Recently, S4D4C has received requests to participate in lectures around the topic of science diplomacy and we are happy to report these events:
Science Diplomacy lecture series in Turkey and Northern Cyprus
Turkey is one of the countries that has taken up the topic of science diplomacy. A young and highly motivated team with varied professional backgrounds working on behalf of the Academic and Scientific Cooperation Project of Turkey (TABIP), conducted by Yunus Emre Institute under the auspices of the Presidency of the Turkish Republic generally aims to promote the concept of science diplomacy among Turkish students, scholars of all disciplines, and the public. The initial efforts of TABIP evolve around organising science diplomacy lecture series at public and private universities, featuring speakers from within and outside of Turkey that bring in different perspectives on the topic of science diplomacy.
The most recent lectures took place between 25th and 28th of February 2020 at the Istanbul Technical University’s branch in Famagusta, the Turkish Republic of Northern Cyprus, as well as at Gaziantep University and Hasan Kalyoncu University in Gaziantep, for the first time with the participation of S4D4C. Charlotte Rungius was invited to provide insights in the concrete case example of SESAME (Synchrotron Light for Experimental Science and Application in the Middle East) from a science diplomacy perspective. She joined a panel with the political scientist Assoc. Prof. Dr. Özgün Erler Bayır, from the Faculty of Political Sciences at Istanbul University, who offered an introduction into the concept and Prof. Dr. Semahat Demir, talking about her unique career as having been assigned as a Science Ambassador by the US Secretary of State in 2009 and still serving in various roles to promote science also among children and across borders. Also part of the panel was Dr. Olga Kraznyak who focused on historical examples in order to help illustrate the idea of science diplomacy.

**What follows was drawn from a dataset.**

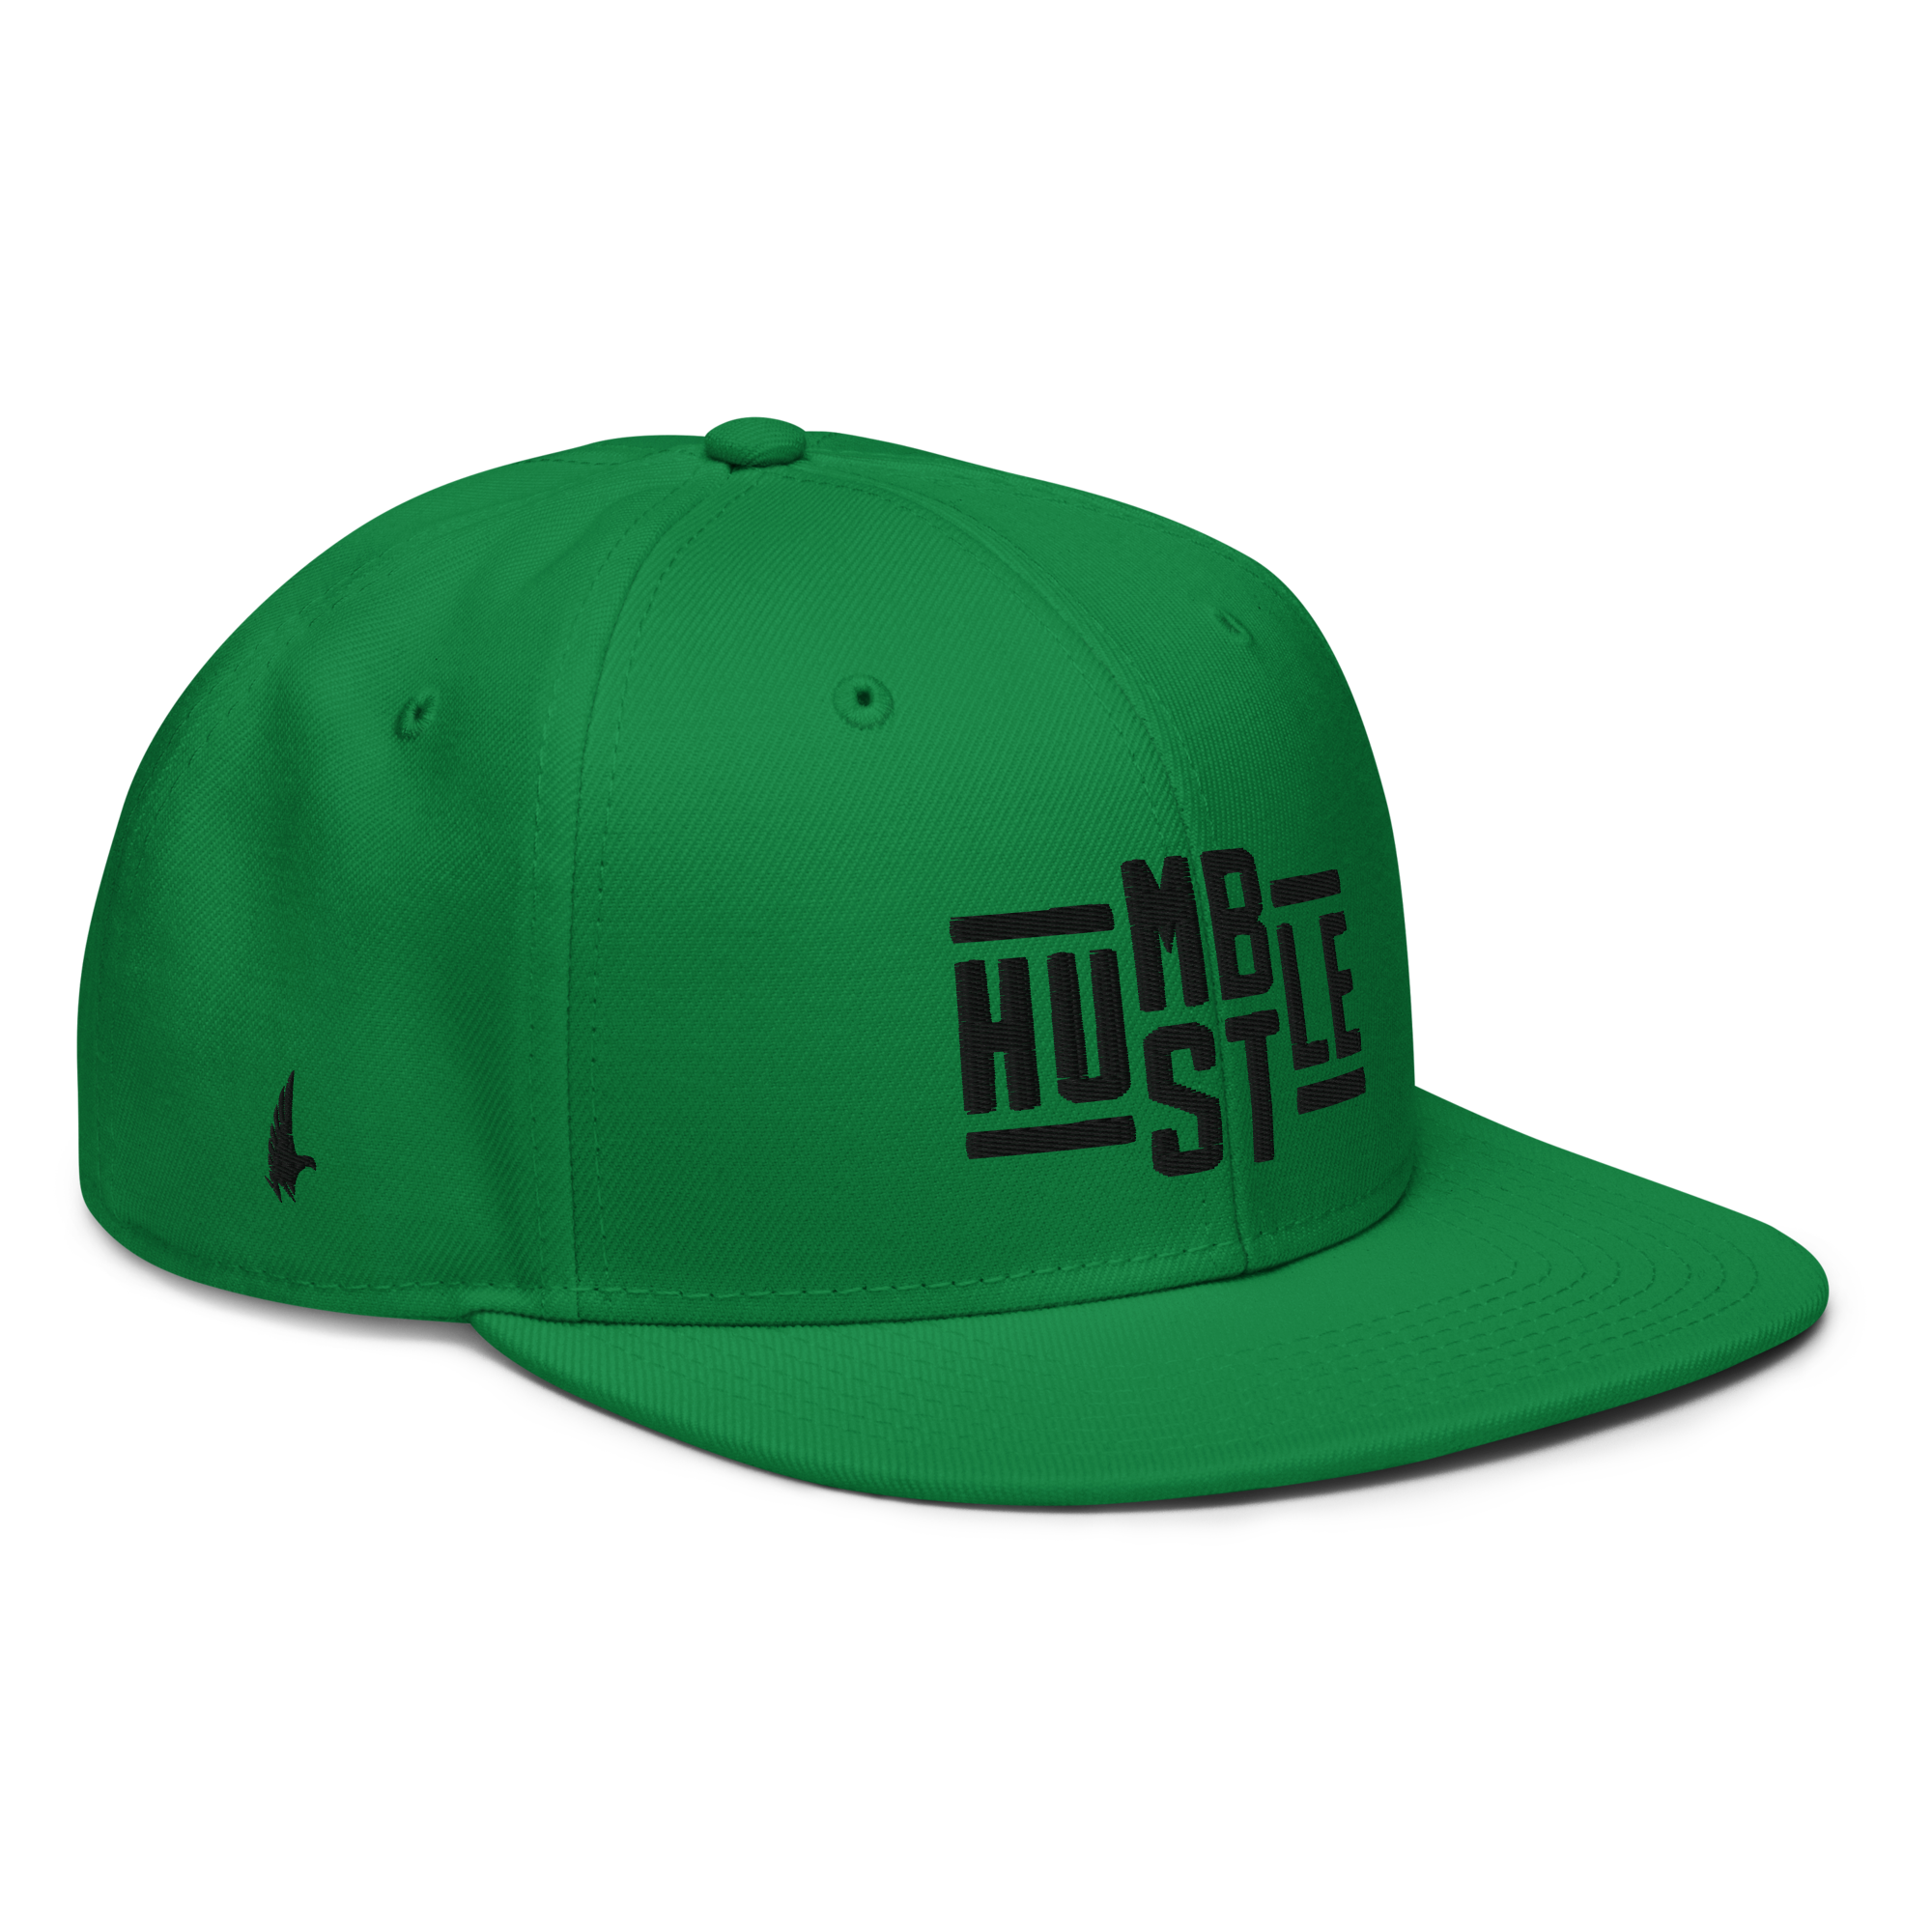 Hustle Snapback Hat - Green/Black OS - Loyalty Vibes

While the team of lecturers was most kindly and personally received by the directors and presidents at all universities, it became clear that each university has made own and idiosyncratic experiences with the topic of science diplomacy, already. Being located closely to the Syrian border, for instance Gaziantep University has felt the effects of the war in Syria early on with a considerable number of Syrian students and researchers seeking to take up their studies in Turkey thereby competing with Turkish students for the limited number of places. Gaziantep University has responded recently with setting up several departments in Syria – mainly in the Northwest countryside – to allow students earning a degree from an accredited university. Examples like these show that it might be not so much needed to promote a well-intended concept for its own sake, but install true platforms of exchange where topical and concrete forms and experiences in the field of science diplomacy can be openly discussed and reflected. This might come along with some more advantages: It would strengthen the debate and bring more depth to it; it might bring more inclusivity towards different audiences moving away from the modus of instruction; and it might help to leave behind doubtful intellectual disputes such as the question if science or diplomacy was more relevant for science diplomacy.
Discussions on “How to network internationally?” in Brno, Czech Republic
Our colleage Eliska Tomalova spoke on 26th of February at a symposium focused on international scientific cooperation, organised by the project International NET for Mechanical Engineering (iNETME). After a keynote of Pierre Bruno Ruffini (professor in Le Havre, member of the InsSciDE project) and Otakar Fojt (British embassy, Regional Director for Central and Eastern Europe), Eliška Tomalová introduced S4D4C – followed by the introduction of practical networking opportunities for Czech scientists and companies. Practical tips and experiences where shared by an ERC grantee, company representatives and scientists with international experiences. With czexpatsinscience.cz and vedavyzkum.cz, two portals were introduced that support Czech science diplomacy with information, visibility and networking opportunities.